L'enseignant, en tant qu'individu, offre au regard extérieur, donc à l'élève, une image reflétant quelques aspects de sa personnalité dont la visibilité se traduit sur le plan physique par une certaine présence liée à sa morphologie, son style, son allure, sa voix, son tempérament. Ces caractéristiques semblent, au premier abord, être des atouts favorables. Il est évident que, pour faire preuve d'autorité, comme aurait pu le dire Coluche, mieux vaut être jeune, beau, grand et fort que vieux, moche, petit et faible. Mais, au-delà de cette caricature et contrairement aux apparences, certains enseignants dotés de ces avantages initiaux éprouvent malgré tout des difficultés et ont du mal à s'imposer devant la classe. Et, inversement, nous avons tous eu l'occasion de croiser des personnes démunies au départ de ces critères supposés avantageux, mais dont la présence, le rayonnement et l'assurance face aux élèves ont surpris l'observateur extérieur. Alors il est pensable, quels que soient les traits extérieurs de la personne, qu'il soit possible d'adopter des attitudes et des comportements permettant d'exercer avec autorité. Et c'est bien évidemment au cours de la formation initiale, et au fur et à mesure des pratiques pédagogiques, que l'enseignant va chercher à adopter des attitudes et acquérir des connaissances et des capacités qui vont construire son autorité éducative, combinant les trois conceptions évoquées au début de cet article, c'est-à-dire : être, avoir et faire autorité.

Il s'agit donc maintenant d'établir des liens entre ce qui est ou serait inné dans la personnalité de l'enseignant et ce qui s'apprend et se construit. Pour cela, il est nécessaire de catégoriser les attitudes, les connaissances et les comportements, au regard de " l'autorité statutaire ", de " l'autorité de la personne " et de " l'autorité de capacité, de compétence ". Le tableau suivant met en évidence ces différents domaines.

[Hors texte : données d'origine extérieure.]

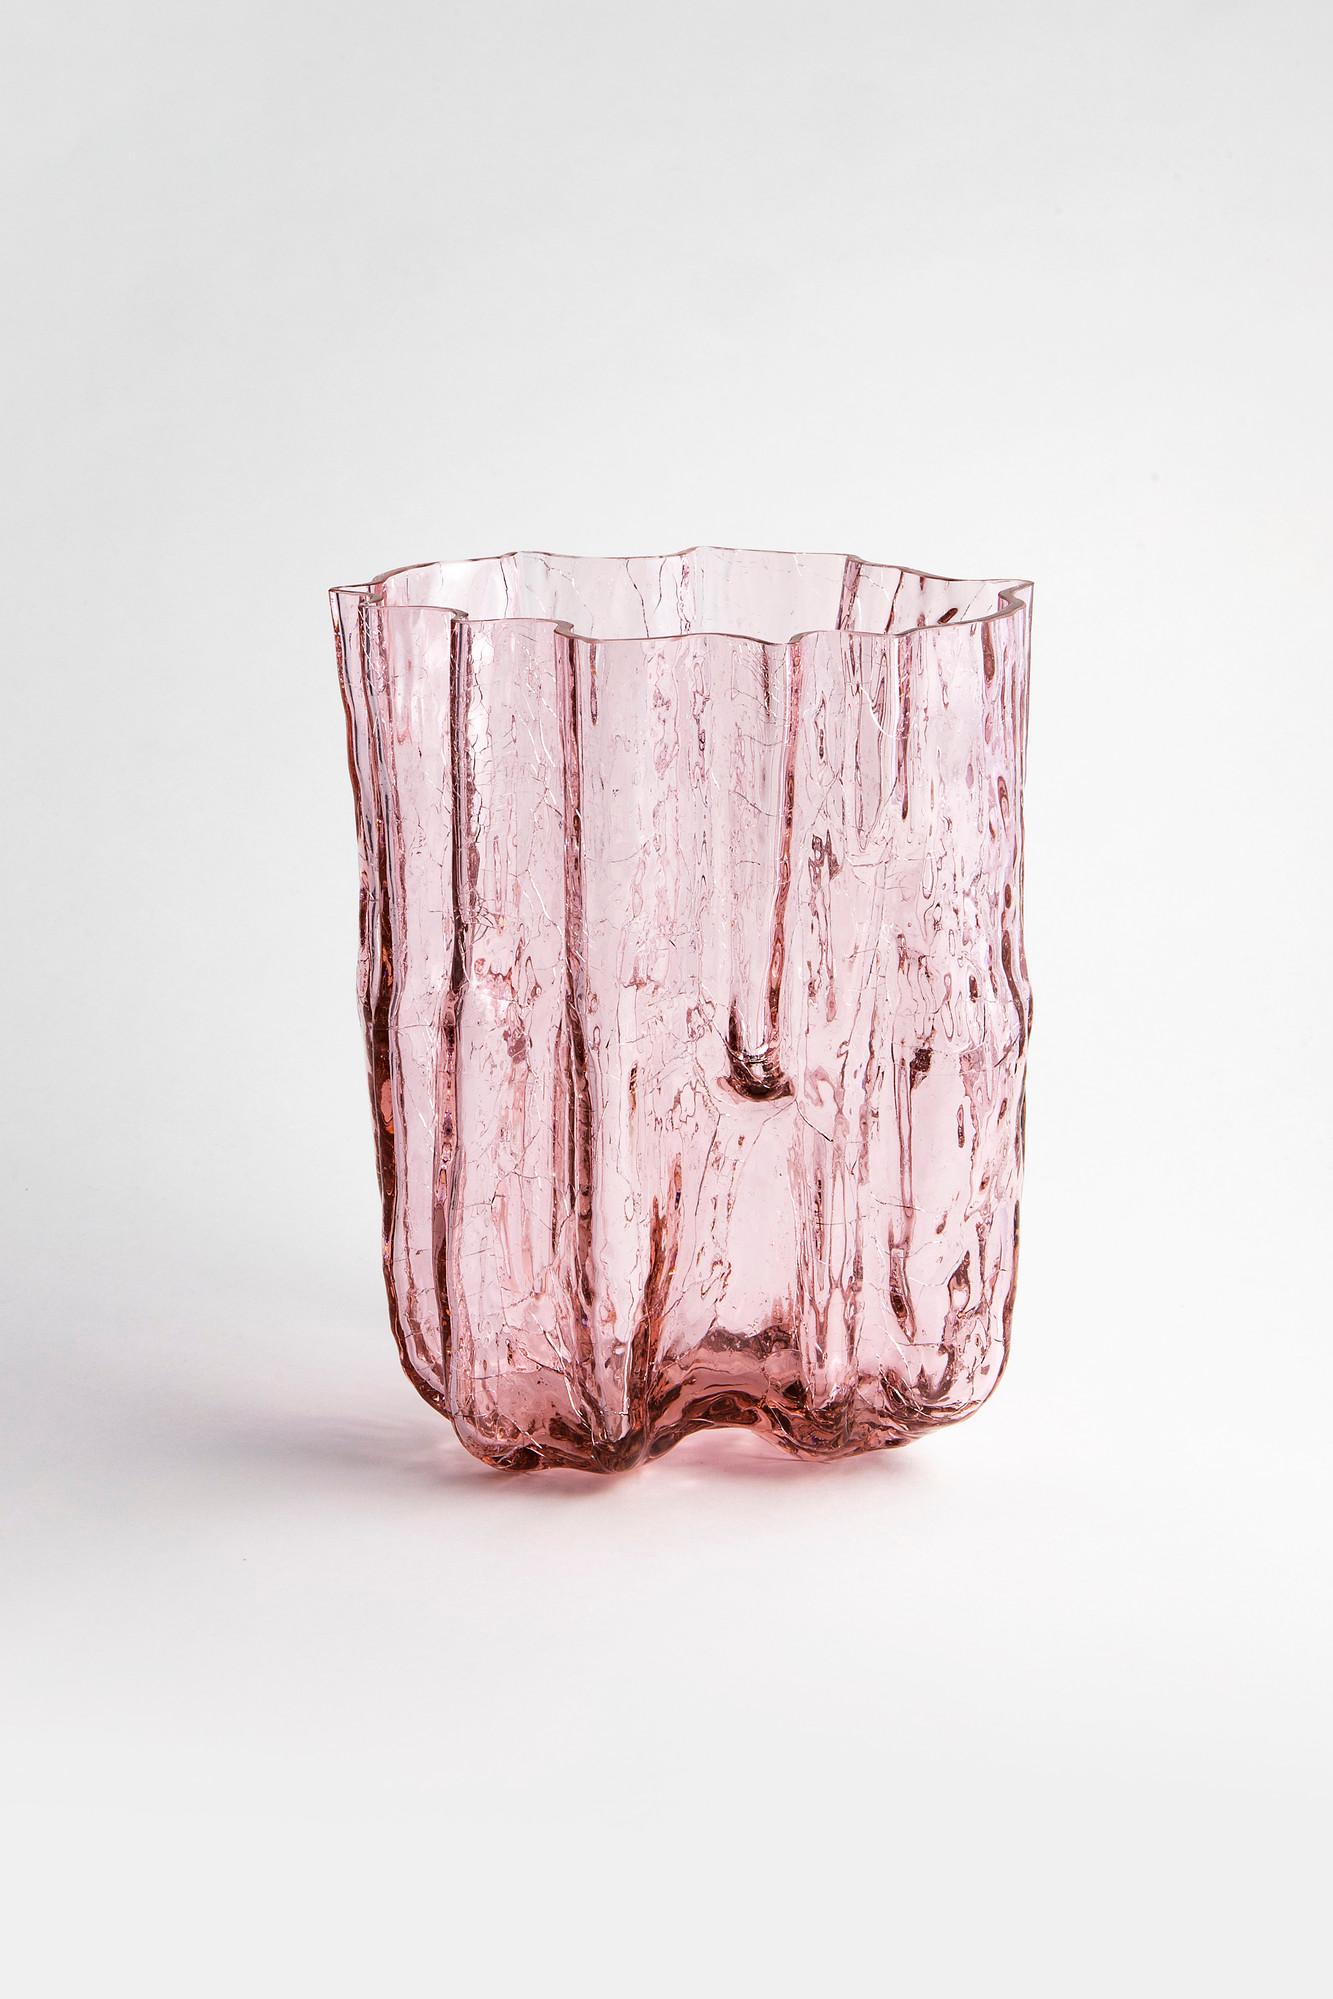 Crackle and thunder – a magical wonder! At Kosta Boda, we marvel at beautifully preserved cracks in glass. The pink vase from the Crackle collection has an expressive, sculptural exterior created using an old handicraft technique where the hot glass

Document (format PDF) : Attitudes, connaissances et comportements au regard de l'autorité

Si l'autorité dans l'enseignement suppose la supériorité du maître sur les élèves et la supériorité des savoirs en termes de dispositifs pédagogiques, force est de constater que, dans les différentes formes d'autorité, certains points seront non négociables et d'autres seront négociables. Mais apprendre à l'élève à négocier l'autorité, c'est aussi lui permettre de se former pour pouvoir s'intégrer socialement, tout en se construisant une personnalité libre.

Conclusion

" L'autorité, c'est moins la qualité d'un homme qu'une relation entre deux êtres " (Maurice Barrès, L'esprit des lois, 1892).

L'autorité se situe à l'intersection de " l'être ", de " l'avoir " et du " faire ". Elle est, pour l'enseignant, un élément constitutif de son identité professionnelle et la condition d'efficacité de ses missions.

Il s'agit donc bien d'une compétence qui combine de façon pertinente ces trois dimensions en fonction des situations proposées et du contexte dans lequel elle s'exerce. L'autorité, dans le système éducatif, est une capacité fonctionnelle dans l'action qui s'exprime par le geste, la voix et le regard. Elle est une attitude professionnelle qui oscille entre la fermeté pédagogique et la délégation de responsabilités. Elle est la capacité à établir une relation de confiance qui se joue en termes d'adhésion à la règle et de respect mutuel.